Top Of The Tree
There’s one Christmas veteran who has an entirely different view of things…
I love this time of year with all the baubles, tinsel and gifts. Ooh, it gives me such a tingle.
But I have to be honest and say I’m not keen on the tree this year. It’s too big for me, too high. I keep going a little dizzy when I look down to the living room, but I’ll get used to it yet.
Oh, here comes Sally – watch out. She’s switching on the fairy lights again. One of the lights pokes right up my dress and doesn’t half make me itch.
I’ve lived with Sally for ten trees.
I moved with her from university halls back to her mum and dad’s place and into a shared flat with friends. Now she lives in her own house.
This is the first time I’ve been on the tree in her house and I like the look of the living-room from up here.
It’s bigger than anywhere else she’s ever lived, hence this bigger, taller tree. It’ll bring on my vertigo if I’m not careful.
Hang on a minute – who’s that with Sally?
He’s a big, strapping lad and no mistake. She’s smiling at him, so he must make her happy.
Oh no, he’s switched the fairy lights over from static to flashing. Doesn’t he know it’ll bring on my migraine?
Sally’s turned towards him on the sofa, she’s taken the remote control from his hand and switched the lights back to static. Thank heavens for that.
She’s also turned off the TV and reached to hold his hands.
She’s calling him Pete, and she’s telling him that she needs to talk.
Well, excuse me for being nosy, but I’m going to listen in.
Oh, dear. It’s not good news. Sally wants Pete to go to her mum and dad’s for Christmas dinner. And Pete wants Sally to go to his parents for the day.

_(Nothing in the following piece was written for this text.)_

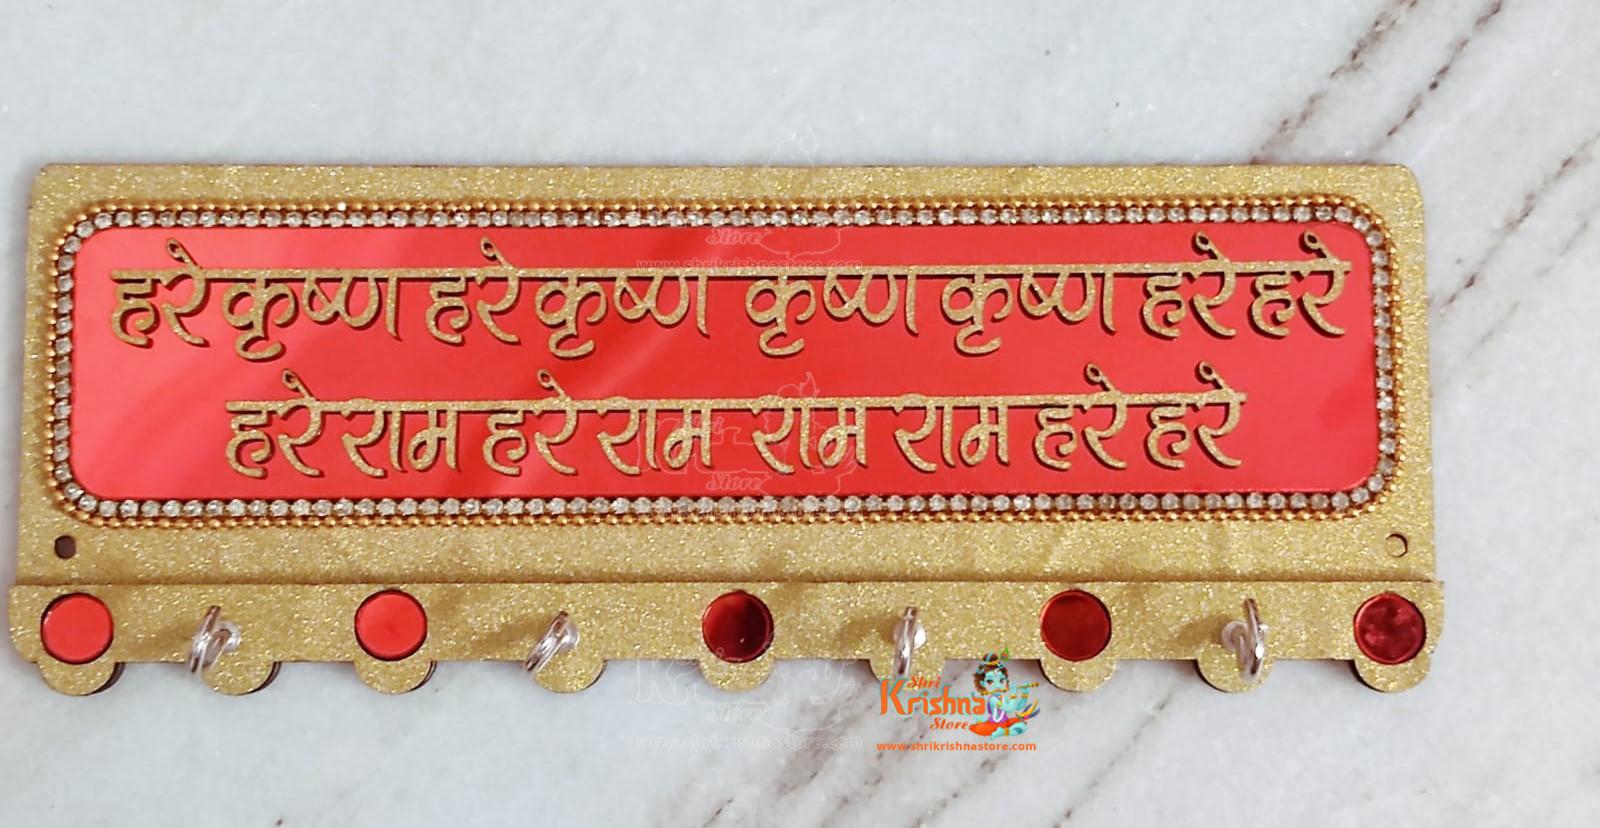 Hare Krishna Key chain holders with inscribed Mahamantra

Well, even I know you can only have one dinner on Christmas Day. If I was a betting sort of girl, I’d lay my money on Sally. I’ve known her long enough and she’s a tough cookie who almost always gets her way.
But Pete is shaking his head. He says he always goes to his parents at Christmas. He says no one cooks a Christmas dinner as well as his mum.
I might be wrong but by the look on Sally’s face, I can’t say that she agrees.
Well, they’re arguing now. Sally wants one thing and Pete wants another.
It’s their first Christmas together, Sally reminds him. If they can’t go to her parents, then couldn’t they have dinner together in their new house?
Pete pulls a face. He wants to go home for his mum’s roast parsnips and his dad’s home-grown sprouts. And Sally wants to go home because she’s an only child and knows how much her mum and dad want her at home for Christmas dinner.
They argue longer, harder, then Sally storms off to bed. Pete stares at nothing for a while then turns off the fairy lights on the tree.
I give them an hour in their bed before I do what I have to do. I jump.
The motion sensor in the living room picks up the movement and triggers the burglar alarm, as I hoped.
Pete comes down first, bleary-eyed, pulling his dressing gown around him.
Sally follows, ready to attack with a slipper in her hand, just in case there’s a burglar.
Pete turns off the alarm and they both walk into the living room. They find me on the floor, relieved that the alarm is nothing more serious than a fallen fairy from the tree.
Pete picks me up and plonks me back on the top branch.
They’re awake now, the pair of them. They sit on the sofa together and Sally switches on the fairy lights, making the tree glow prettily in the dark.
They’re tired, but they hold hands and they talk.
“Lunch at my folks’ place, tea at yours?” Sally suggests.
Pete agrees and they cuddle up close.
I knew I could get them talking again.
I could almost feel quite smug, if only that pesky light up my dress didn’t half make my leg itch. And I swear my vertigo is starting again.